The first two conditions in the WHERE clause (synopsis_embedding match and k = 5) denote that the query is a KNN query. The other conditions are metadata constraints that sqlite-vec will recognize and apply during the KNN calculation. In other words, for the above query, a maximum of 5 rows would be returned, all of which would match all the WHERE constraints for their metadata column values.

Metadata Column Declaration ​

Metatadata columns are declared in the vec0 constructor just like regular column definitions, with the column name first then the column type.

Only the following column types are supported in metadata columns. All these columns are strictly typed.

  • TEXT for text and strings
  • INTEGER for 8-byte integers
  • FLOAT for 8-byte floating-point numbers
  • BOOLEAN for 1-bit 0 or 1

Other column types may be supported in the future. Column type names are case insensitive.

Additional column constraints like UNIQUE or NOT NULL are not supported.

A maximum of 16 metadata columns can be declared in a vec0 virtual table.

Supported operations ​

Metadata column WHERE conditions in a KNN query will only work on the following operators:

  • = Equals to
  • != Not equals to
  • > Greater than
  • >= Greater than or equal to
  • < Less than
  • <= Less than or equal to

Using any other operator like IS NULL, LIKE, GLOB, REGEXP, or any scalar function will result in an error or incorrect results.

Boolean columns only support = and != operators.

Partition Key Columns ​

Partition key columns allow one to internally shard a vector indexed based on a given key. Any = constraint in a WHERE clause on a partition key column will restrict the search to that clause.

For example, say you're performing vector search on a large dataset of documents. However, each document belongs to a user, and users can only search their own documents. It would be wasteful to perform a brute-force search over all documents if you only care about 1 user at a time. So, you can partition the vector index based on user ID like so:

sql
create virtual table vec_documents using vec0(
  document_id integer primary key,
  user_id integer partition key,
  contents_embedding float[1024]
)

Then, during a KNN query, you can constrain results to a specific user in the WHERE clause like so:

sql
select
  document_id,
  user_id,
  distance
from vec_documents
where contents_embedding match :query
  and k = 20
  and user_id = 123;

sqlite-vec will recognize the user_id = 123 constraint and pre-filter vectors during a KNN search. Vectors with the same partition key values are collocated together, so this is a fast operation.

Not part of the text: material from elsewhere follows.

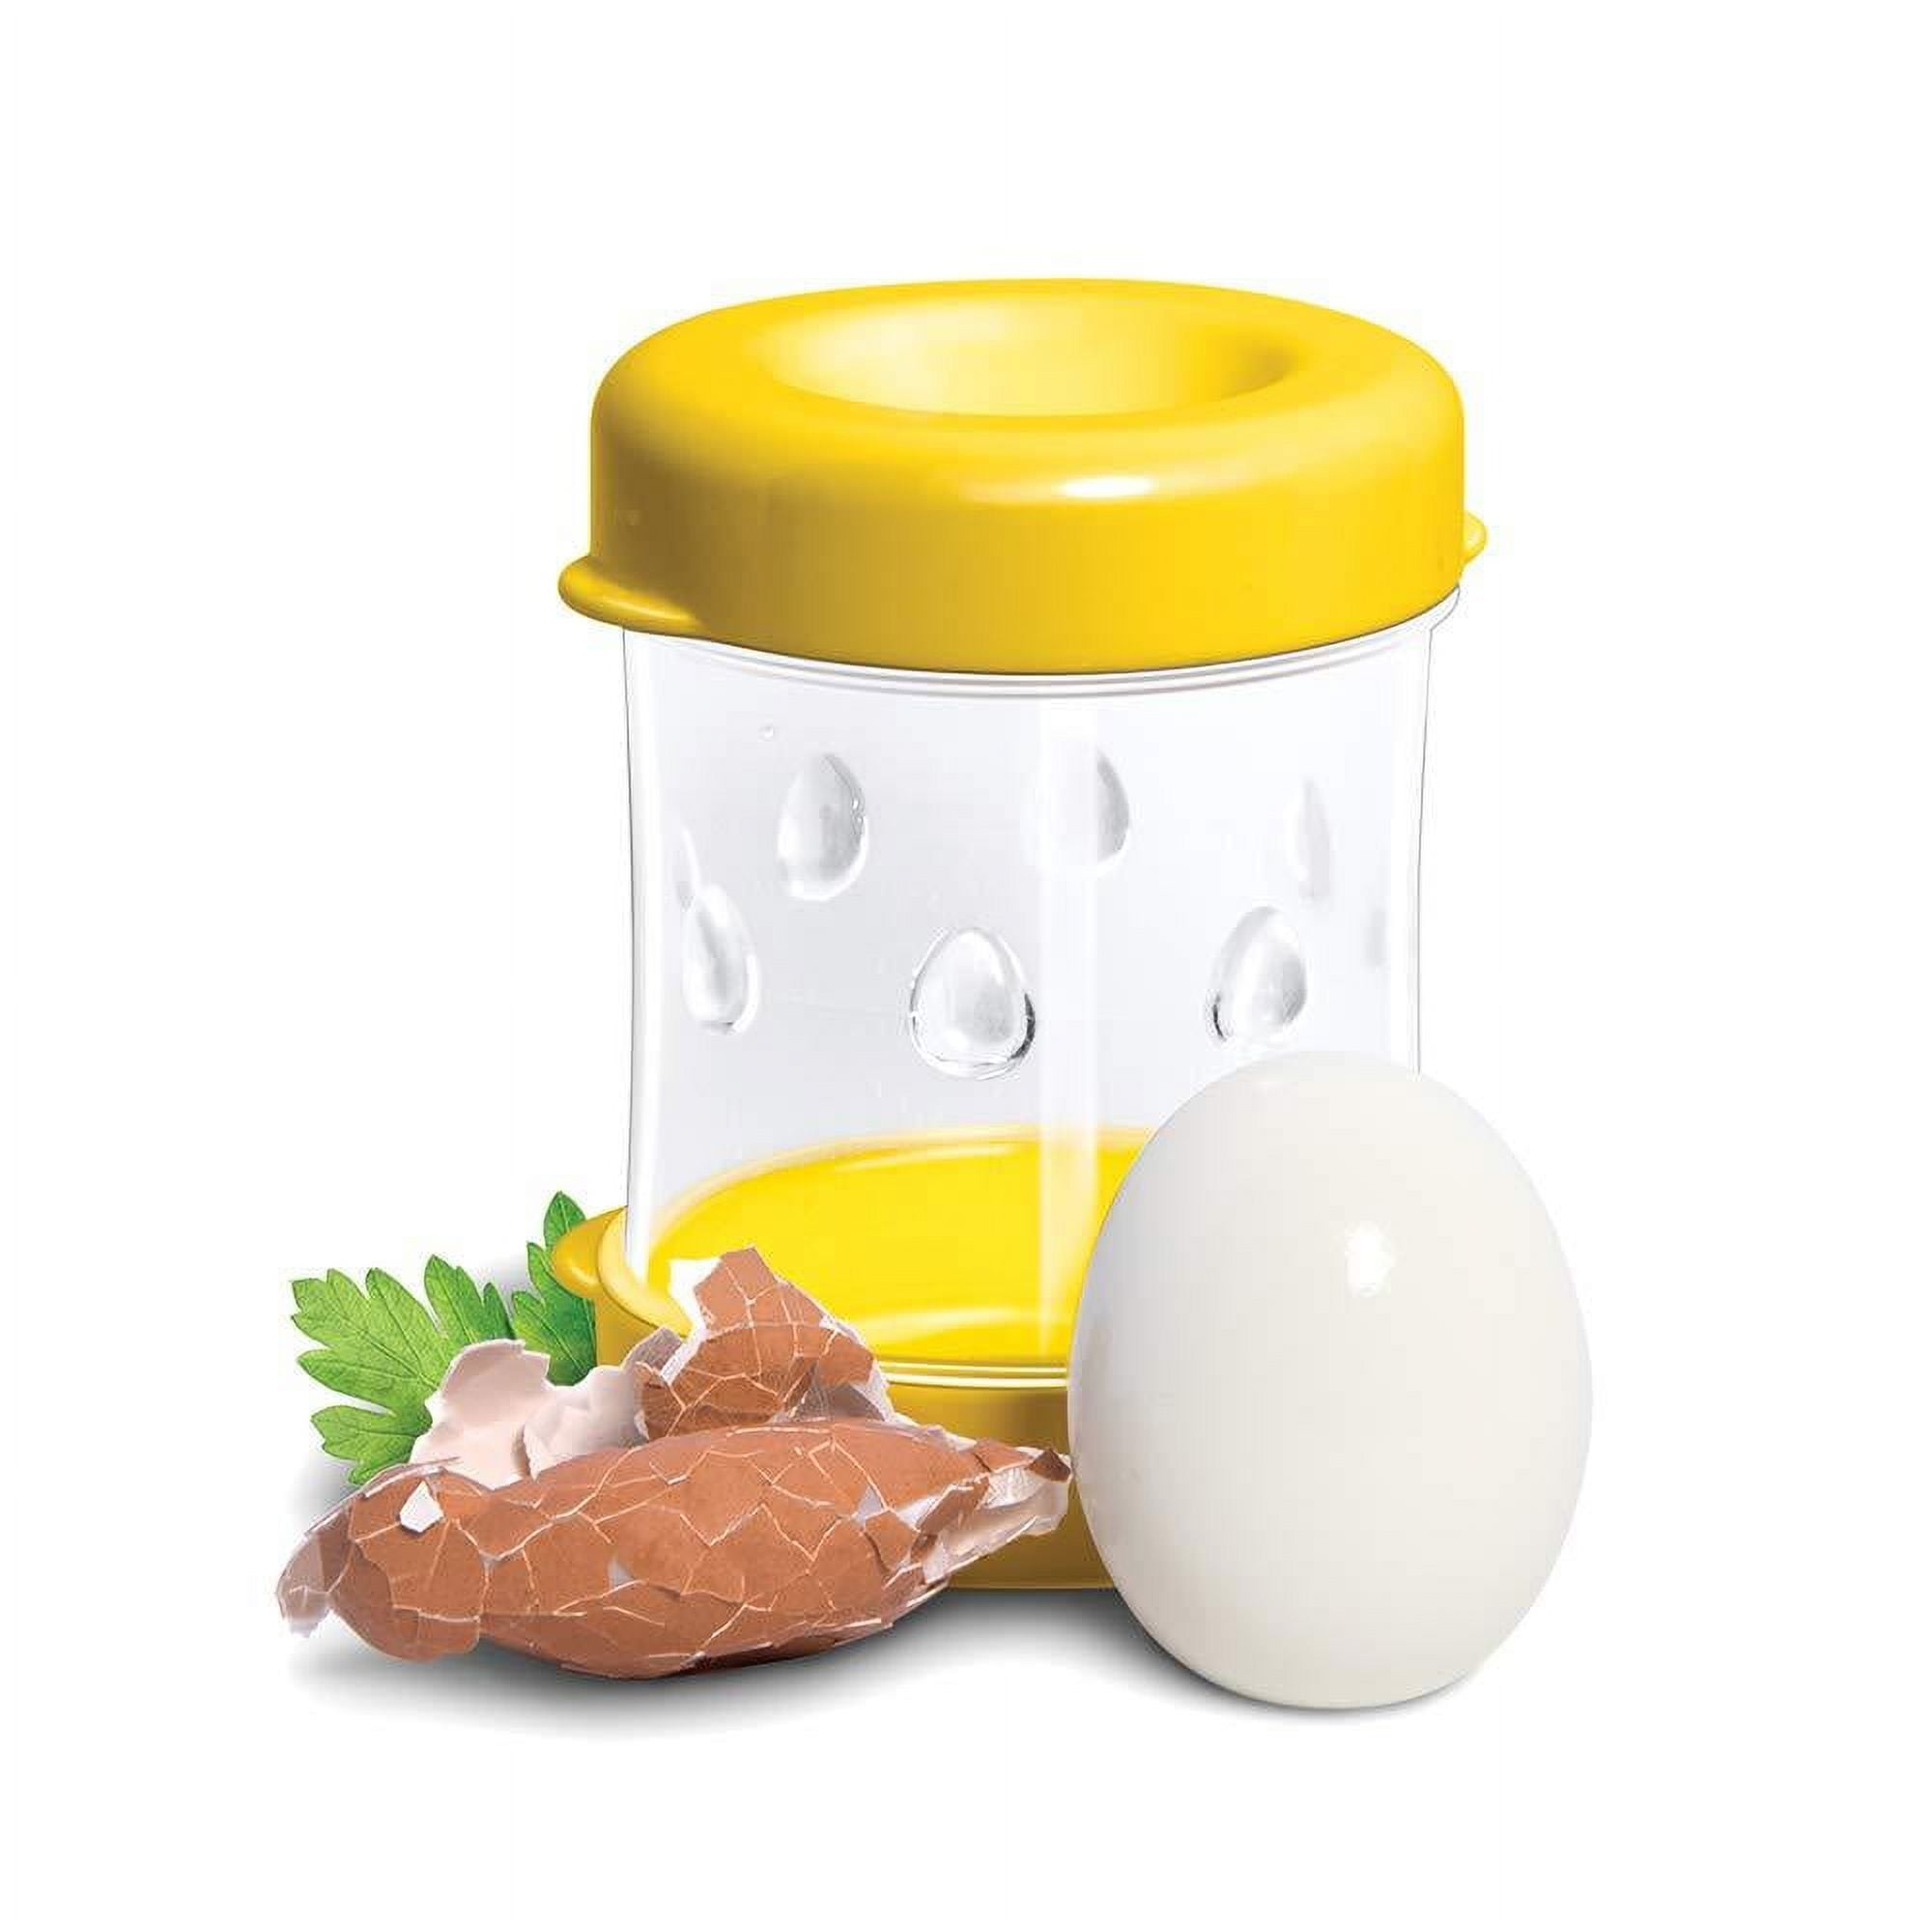 The NEGG Boiled Egg Peeler

Another example: say you're performing vector search on a large dataset of news headlines of the past 100 years. However, in your application, most users only want to search a subset of articles based on when they were written, like "in the past ten years" or "during the obama administration." You can paritition based on published date like so:

sql
create virtual table vec_articles using vec0(
  article_id integer primary key,
  published_date text partition key,
  headline_embedding float[1024]
);

And a KNN query:

sql
select
  article_id,
  published_date,
  distance
from vec_articles
where headline_embedding match :query
  and published_date between '2009-01-20' and '2017-01-20'; -- Obama administration

But be careful! over-using partition key columns can lead to over-sharding and slower KNN queries. As a rule of thumb, make sure that every unique partition key value has ~100s of vectors associated with it. In the above examples, make sure that every user has on the magnitude of dozens or hundreds of documents each, or that there are dozens or, preferably, hundreds of articles per day. If they don't and you're noticing slow queries, try a more broad partition key value, like organization_id or published_month.

A maximum of 4 partition key columns can be declared in a vec0 virtual table, but use caution if you find yourself using more than 1 partition key column. Vectors are sharded along each unique combination, so over-sharding is more common with more partition key columns.

Auxiliary Columns ​

Auxiliary columns store additional unindexed data separate from the internal vector index. They are meant for larger metadata that will never appear in a WHERE clause of a KNN query, but can be retrieved in the result set without needing a separate JOIN.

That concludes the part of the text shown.